§ **TASK DIRECTIONS**
Please write out exactly the lines from the one with "Mark Selby is" through the end of the data below, both ends included, and omit any pictures.

§ **Entries taken from a collection**
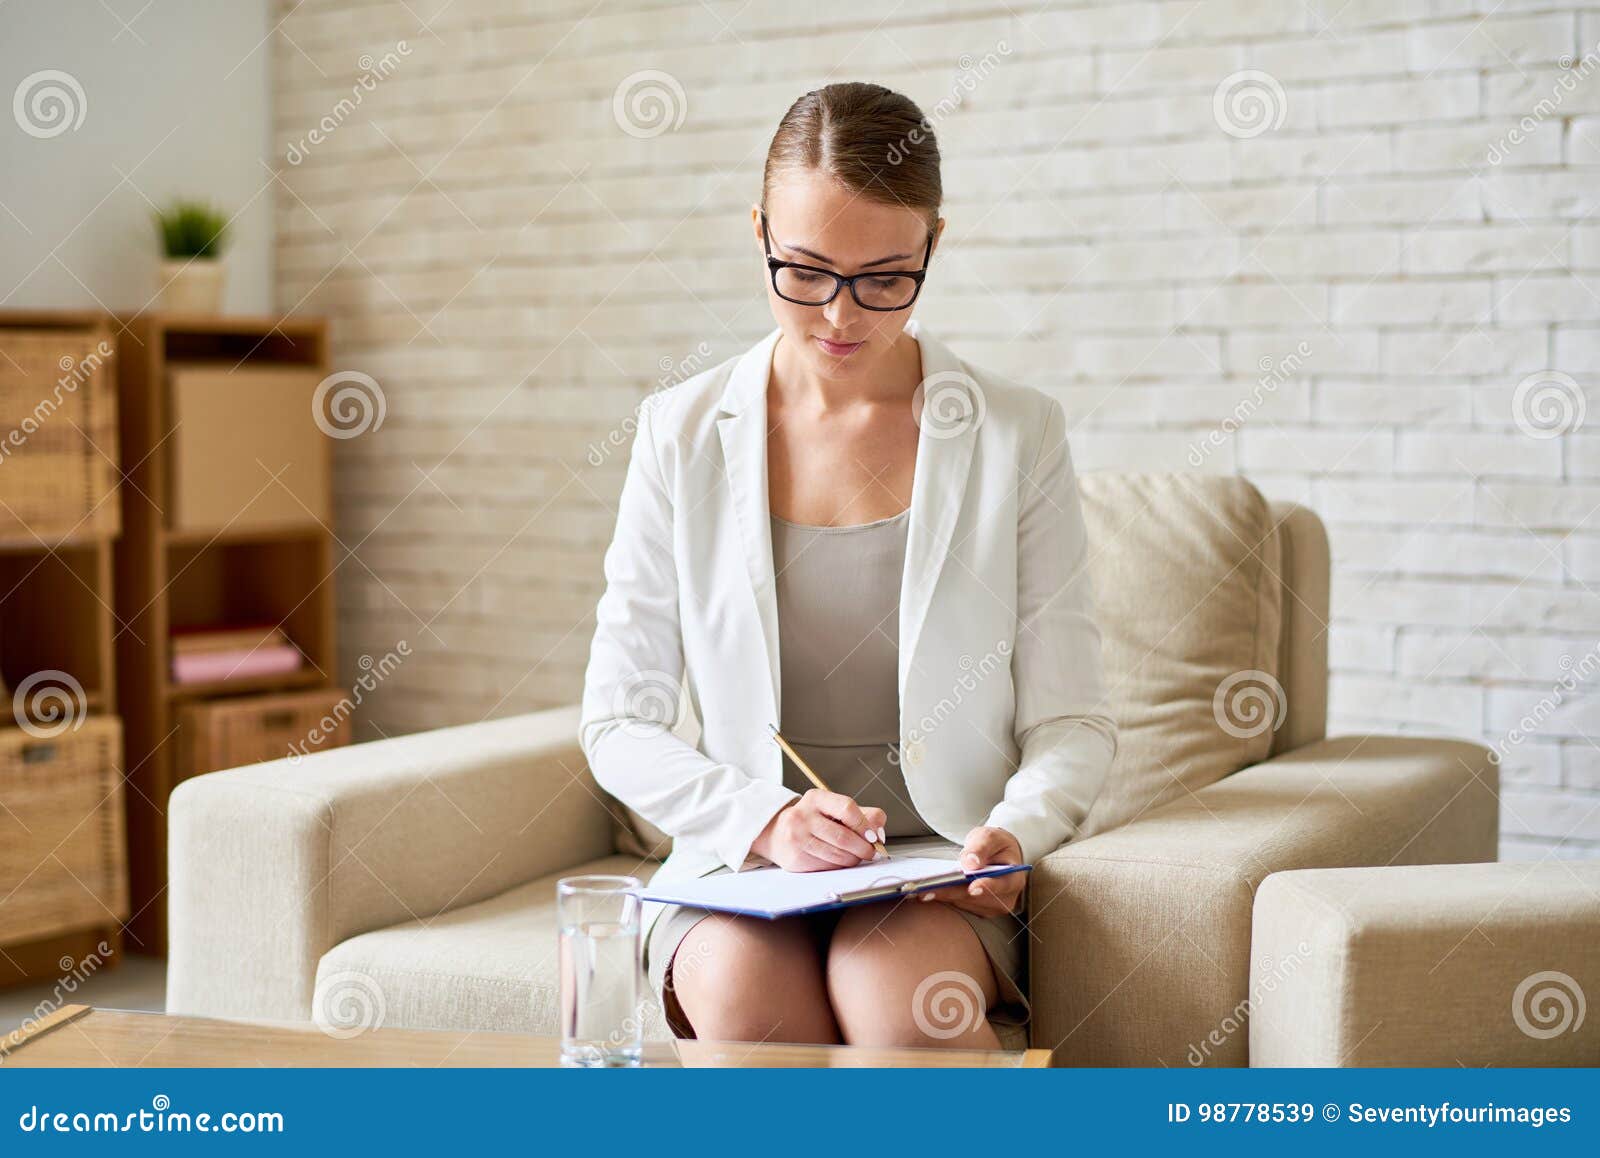 Beautiful Female Psychiatrist Making Notes Stock Image Image Of Mental Therapy 98778539
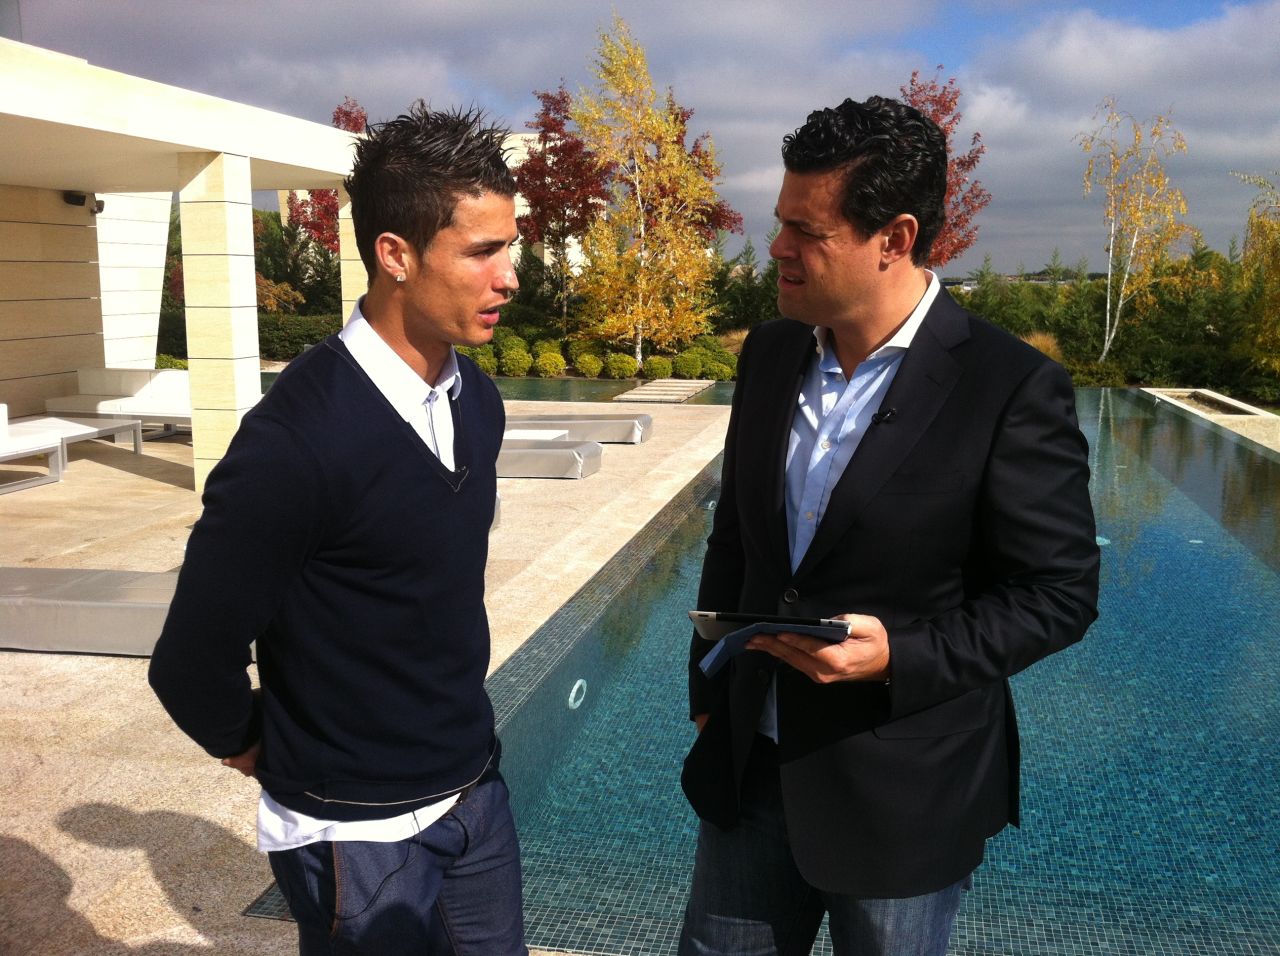 Ronaldo tells CNN's Pedro Pinto in an exclusive interview that he believes his perceived 'arrogance' has made him less popular than his chief rival Lionel Messi. "You know, sometimes I'm a victim of that because they don't know the real Cristiano," said the Real Madrid forward.
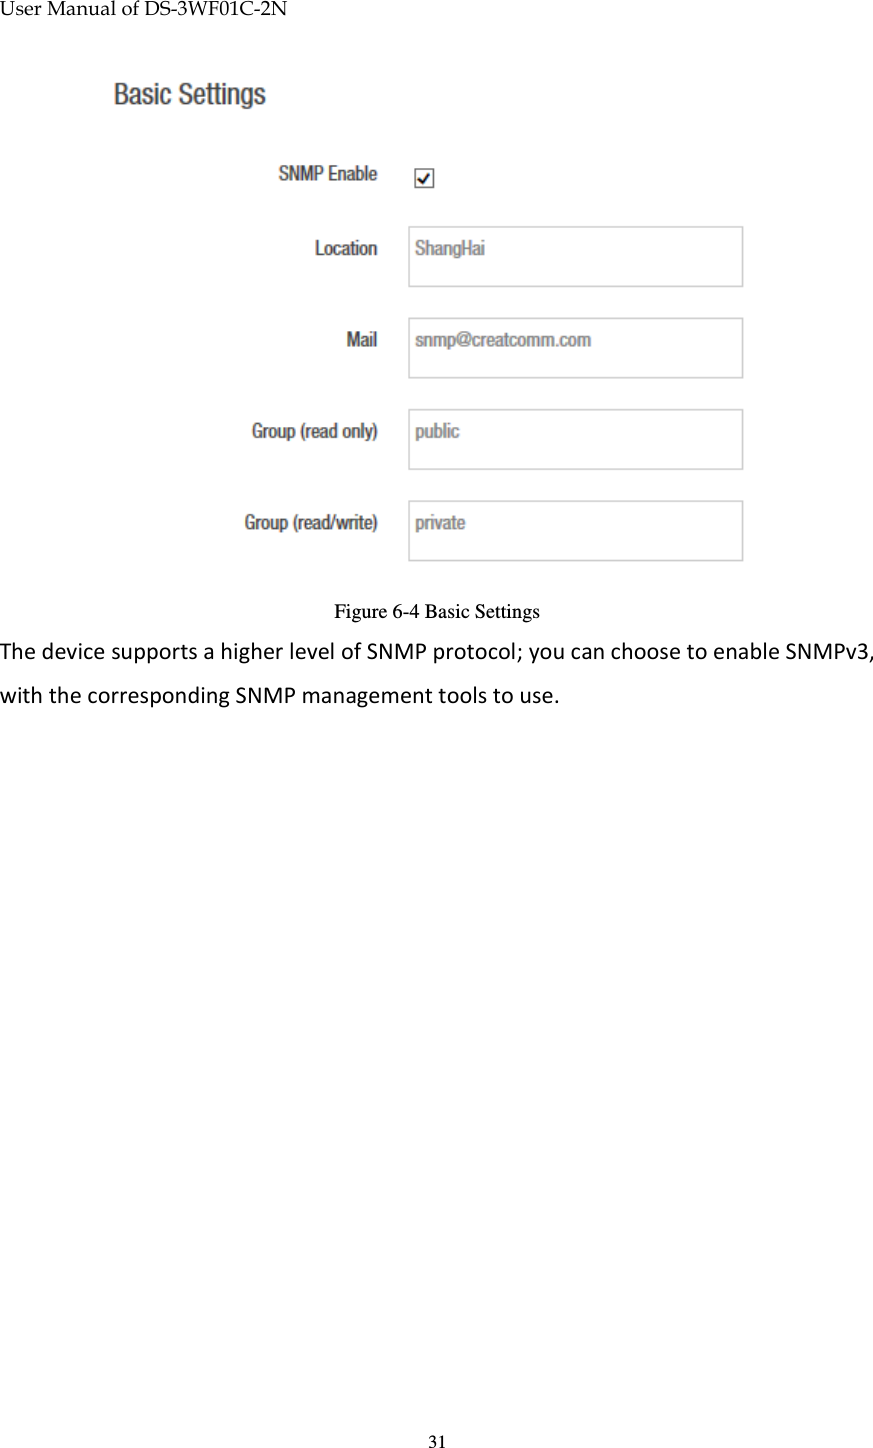 User Manual of DS-3WF01C-2N   31 Figure 6-4 Basic Settings The device supports a higher level of SNMP protocol; you can choose to enable SNMPv3, with the corresponding SNMP management tools to use. 
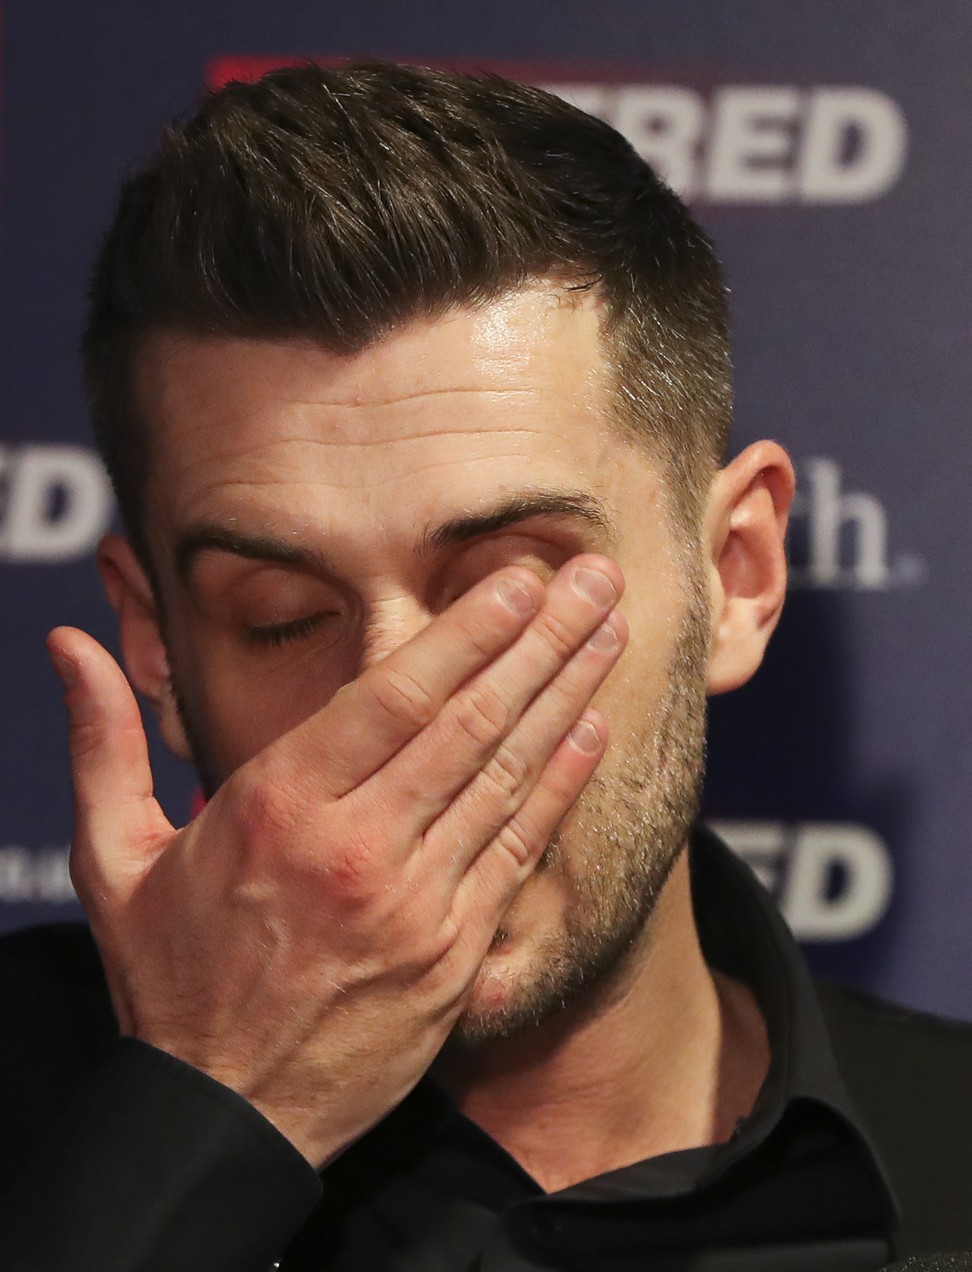 Mark Selby is disappointed he has been eliminated in the first round. Photo: Xinhua
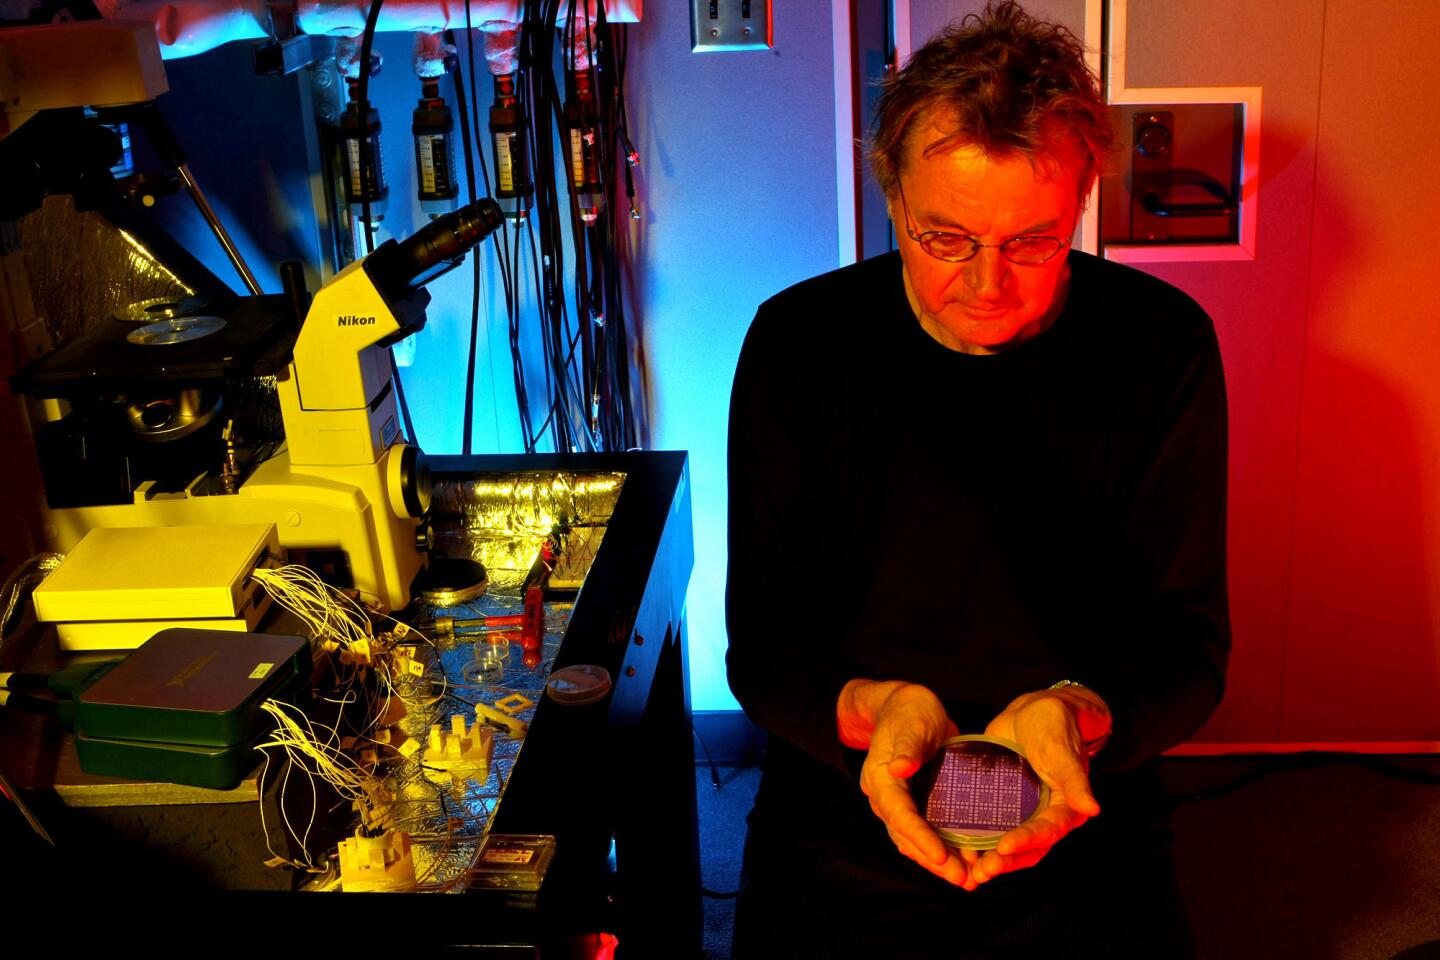 UCLA chemistry professor Jim Gimzewski holds a petri dish containing one of the chips he hopes has the computational power of the brain.

§ **EXERCISE SOLUTION**
 Mark Selby is disappointed he has been eliminated in the first round. Photo: Xinhua
 UCLA chemistry professor Jim Gimzewski holds a petri dish containing one of the chips he hopes has the computational power of the brain.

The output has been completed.